Repeat the listing exactly. Do not carry over any pictures.

PROVIDED MATERIAL —

+ + + + +

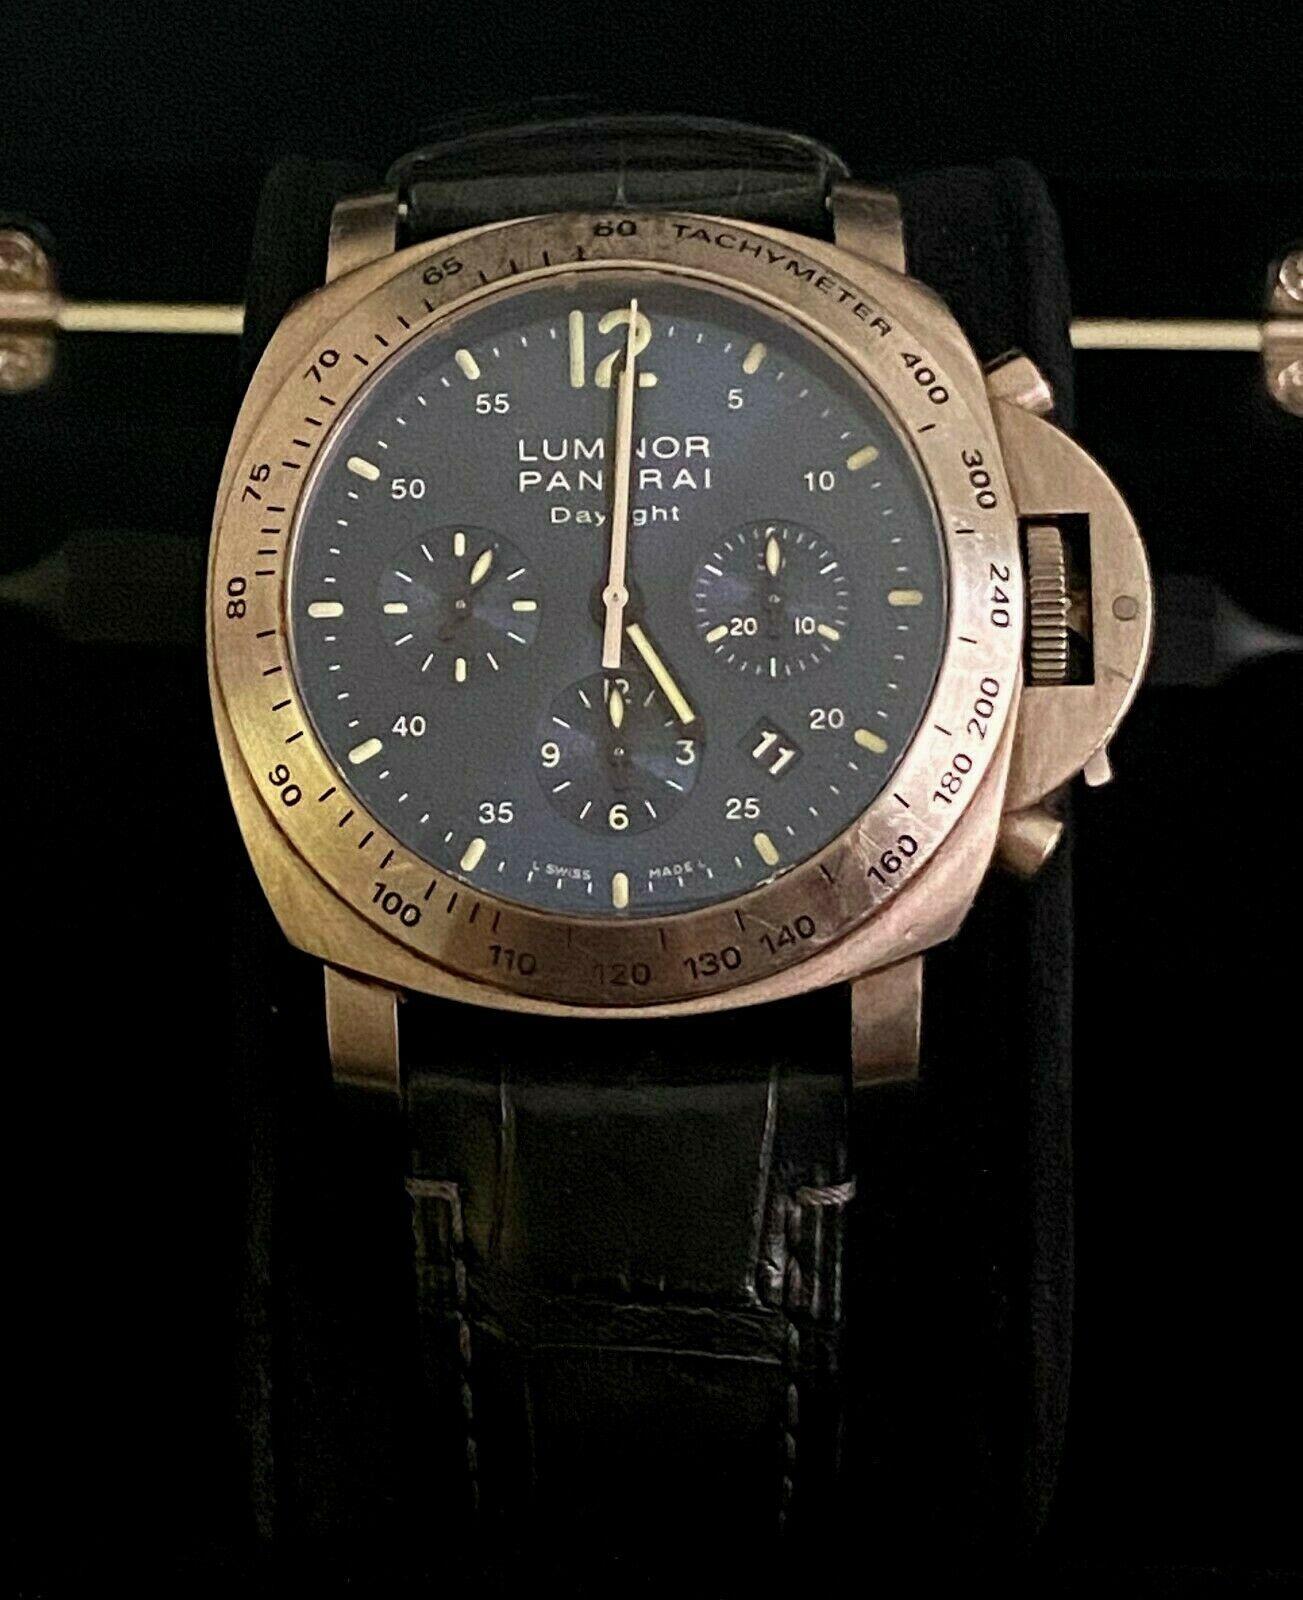 PANERAI Men's Luminor Watch Firenze 1860 Blue Dial Leather Wrist Strap Limited - watch picture 1
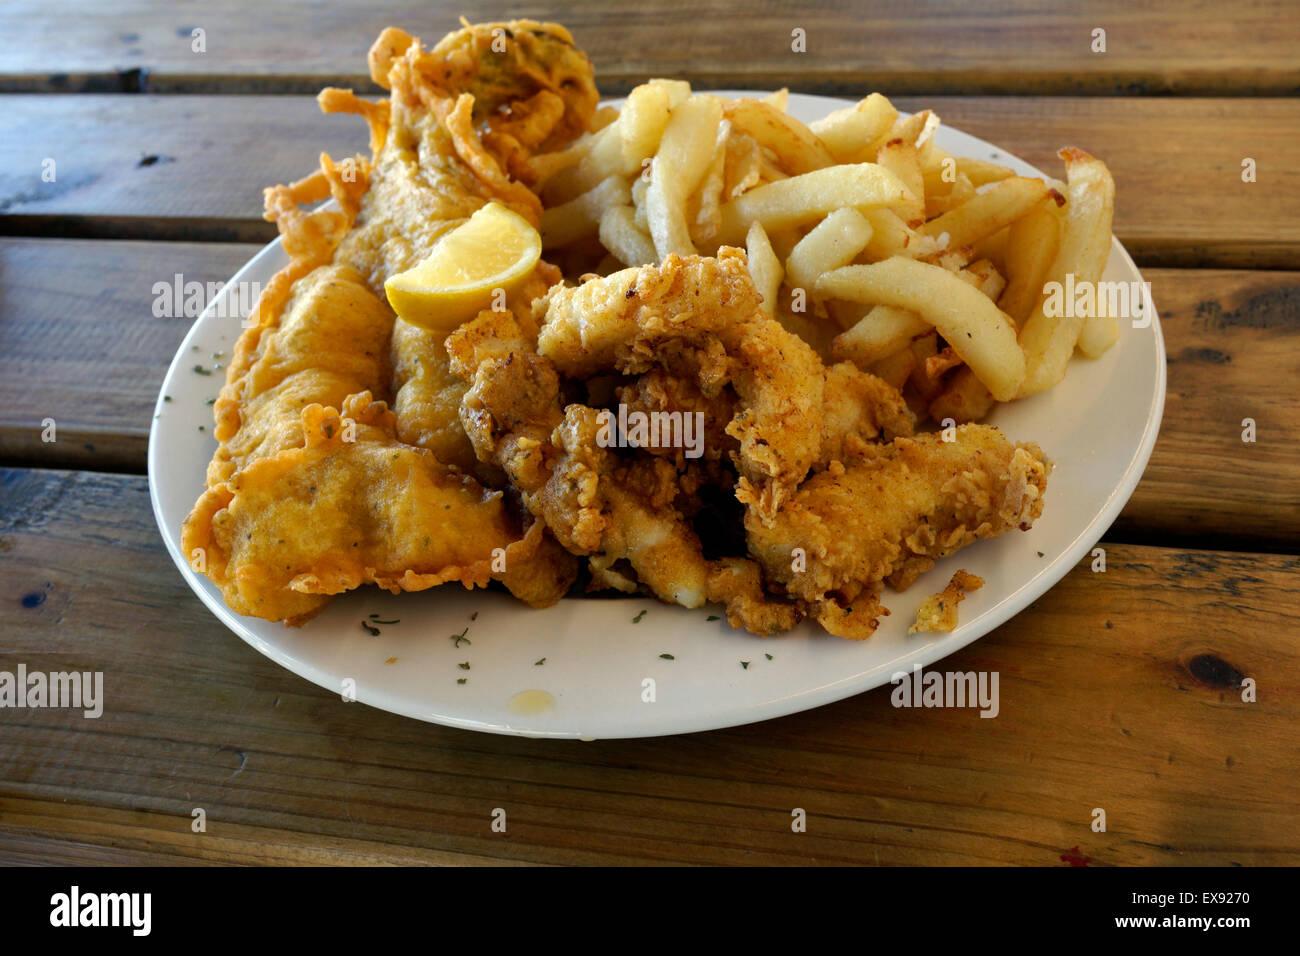 Fried fish & calamari at' Die Visvlekhuis' seafood restaurant in the coastal fishing village Velddrif - Stock Image
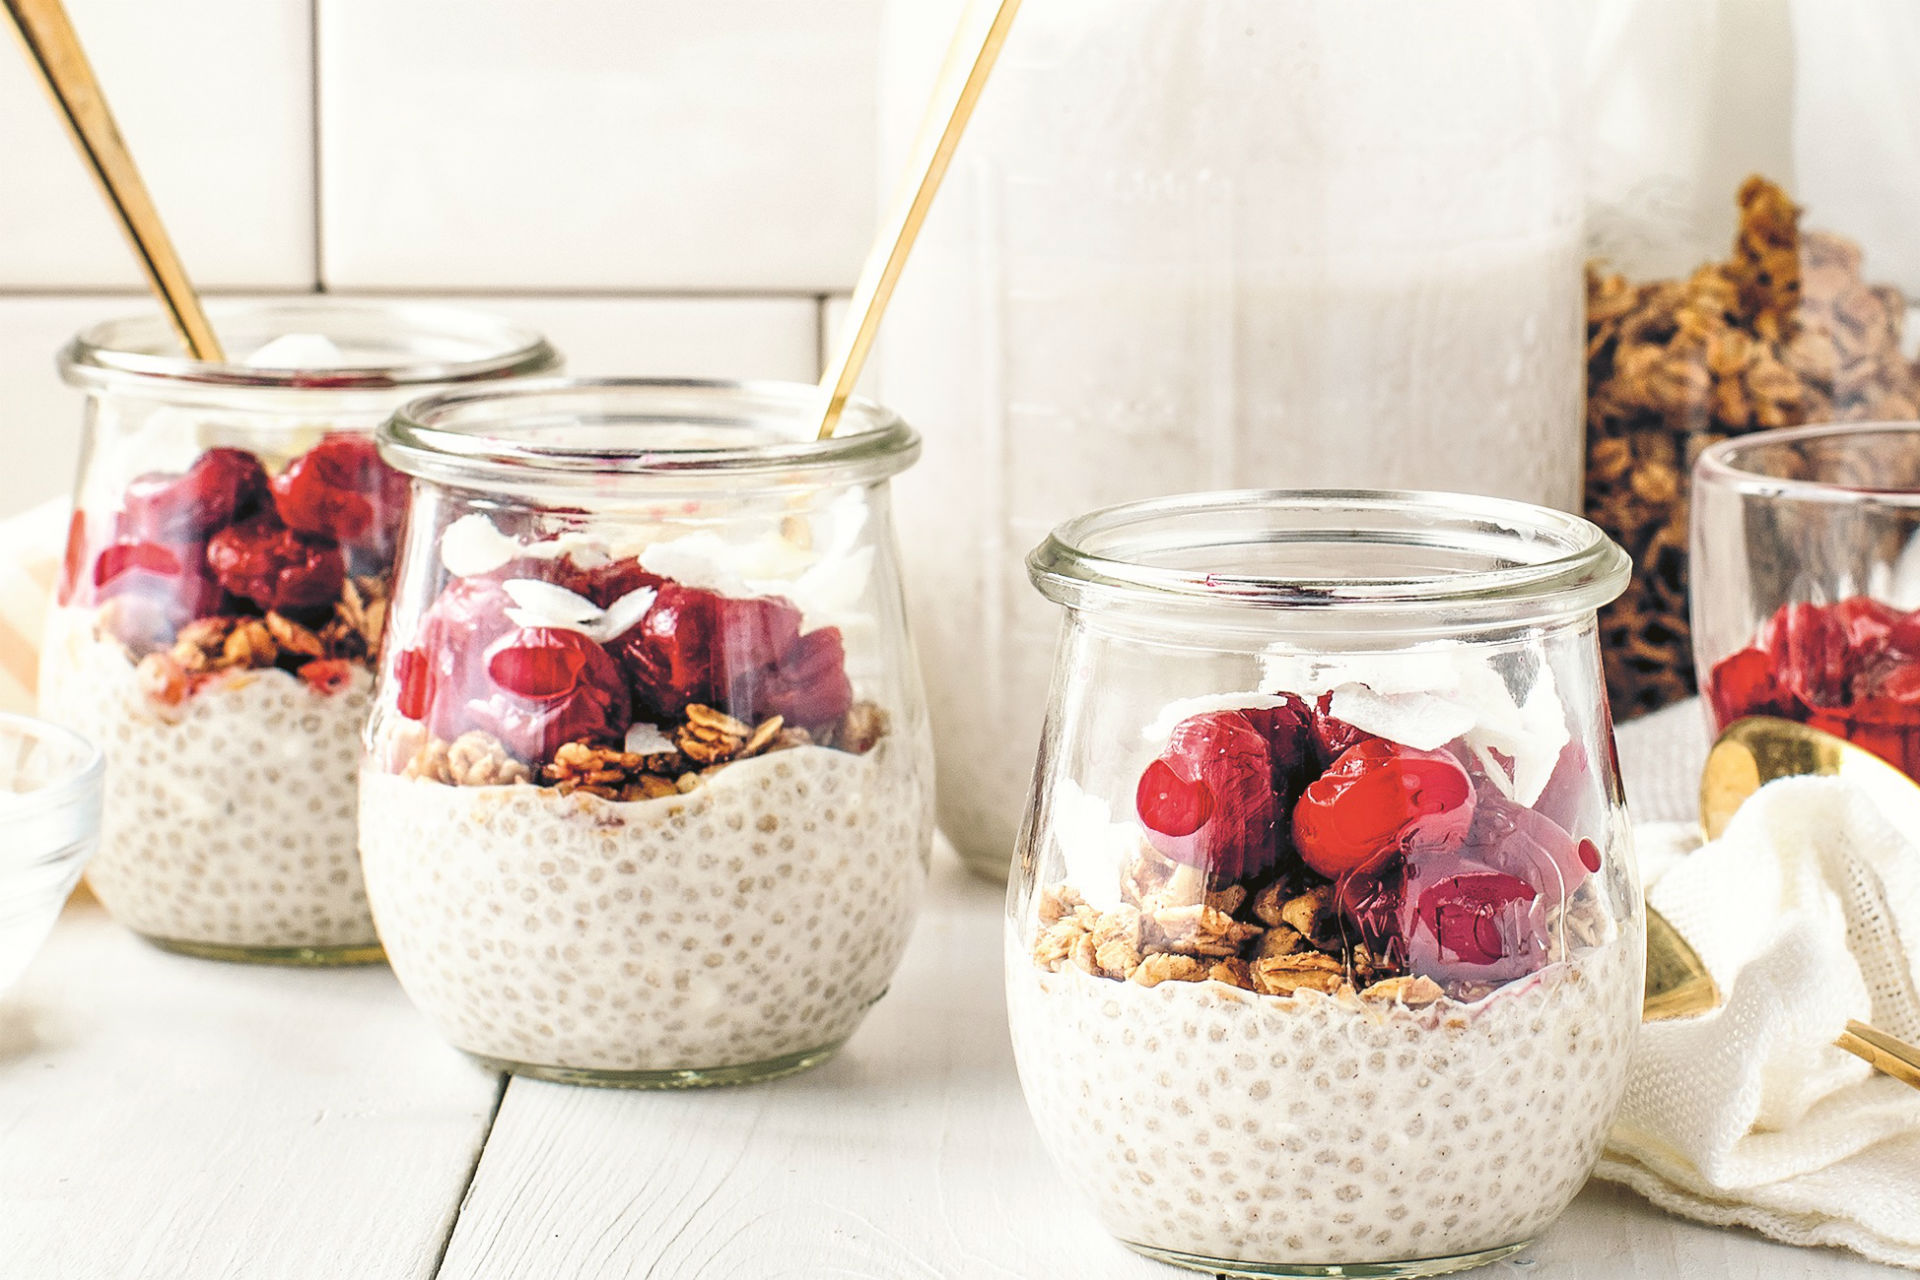 jars of parfait with cherries

+ + + + +

RESPONSE BELOW —
 PANERAI Men's Luminor Watch Firenze 1860 Blue Dial Leather Wrist Strap Limited - watch picture 1
 Fried fish & calamari at' Die Visvlekhuis' seafood restaurant in the coastal fishing village Velddrif - Stock Image
 jars of parfait with cherries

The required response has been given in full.